More BLAS setup slide — Figure 11. More BLAS setup requirements

Obtain pre-build information

Determine the size of the resulting acceleration structure.
The scratch data size describes how much memory the acceleration structure builder requires for the process of building. You need to allocate this memory.
In DX12 has no hidden allocation; everything must be done explicitly.
The scratch space is only used during the build. Afterwards, you can deallocate.
Once allocate scratch space, you can re-use all the descriptors you had. You can create another descriptor with an update flag for optional refitting. Finally, your BLAS can be built, which happens quickly on the GPU.

Build the TLAS

It’s like handling a scene graph, only you have two levels.
Each instance has an ID – something that describes where to find the shader that corresponds to the object, as you can see in figure 12.

TLAS setup diagram and code — Figure 12. Top level acceleration structure setup

Again, we have a transform, this time in the TLAS. If we want to move a complete bottom level around in the world, we can use this and have very fast re-fits without having to touch the actual geometry.
You follow the same principle that you did with the BLAS, but instead of geometry, we’ll be getting instanced information.

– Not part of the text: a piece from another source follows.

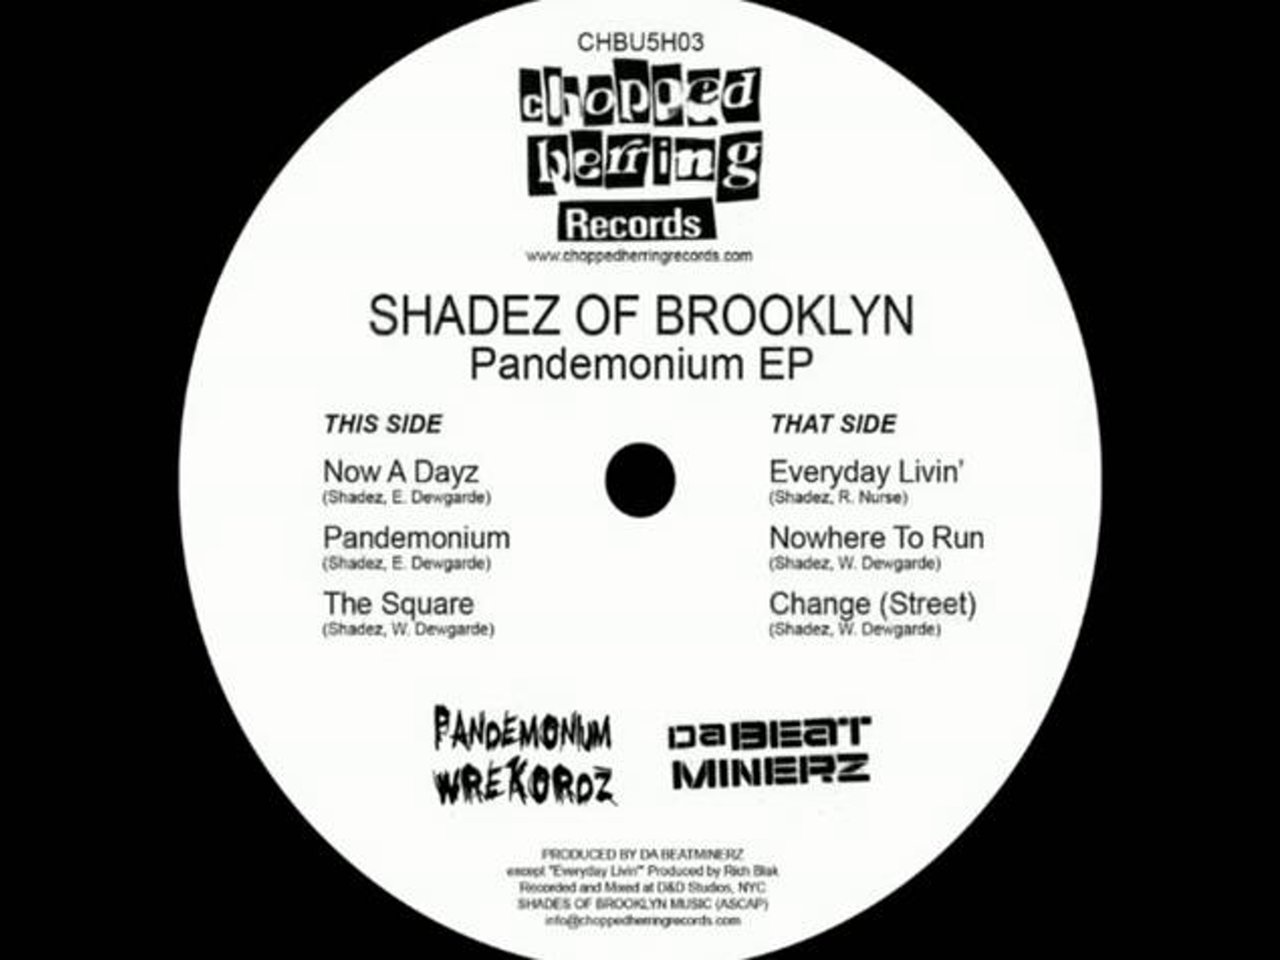 Shadez Of Brooklyn — Everyday Livin'

Part 4: Ray Tracing Shaders (7:50 min)

Pascal is going to provide a deeper look into what happens when you try to take your raster-based application and make it work with ray tracing.

Key things from part 4

A ray payload is a structure passed from one shader to another.
It all happens under the hood in RTX.
A smaller payload is a lot better!
The new Direct X compiler allows you to give semantics to your shader.
You can compile several shaders together, and still know which shaders are useful for what purpose (Figure 13).

Ray tracing shaders in code — Figure 13. Example of a ray tracing shaders working in concert

The dispatch ray index is like the Thread ID in CUDA; it identifies which thread is currently running and the dimensions of the image.
You describe a ray with origin, direction, and minimum and maximum distance between which we look for intersections.
Figure 14 shows the need to call a new instruction call, TraceRay, which takes a few parameters.

TraceRay call showing parameters — Figure 14. Now we finally trace the ray using the `TraceRay` call.

The first is the TLAS.
Raymask allows you to mask out some objects. For example, if you decide an object does not cast shadows, the ray mask can be used in conjunction with the instance mask to prevent the ray from intersecting the object.
Apply a few offsets. The first offset identifies which shader to use for a given object. The second offset describes where in the list of shaders we should start.
We can have several miss shaders. One may look at the environment, one may return and say, “nothing’s visible”, etc.
Finally, we pass our ray and our payload (Figure 15). This payload will directly come back. As soon as we call TraceRay we can assume the whole ray tracing has happened and the payload is filled.
You can write the results of your shading directly in the output buffer (Figure 15).

Writing out the ray tracing result diagram — Figure 15. Writing the output buffer

Avoid recursions! Let the raygen do the heavy lifting. Flattening the recursive ray tracing into a loop in the ray generation results in much less stack management.
In raster, you just project your triangles on screen, then interpolate your attributes. RTX gives you the index of the triangle you intersect. You then need to fetch all the attributes yourself and interpolate them, as the code example in figure 16 shows. Note that you need to be able to access the vertex and index buffer of your geometry with whatever layout you decided to have.

Closest hit code sample image — Figure 16. Closest hit code sample. The primitive index tells you which triangle has been hit.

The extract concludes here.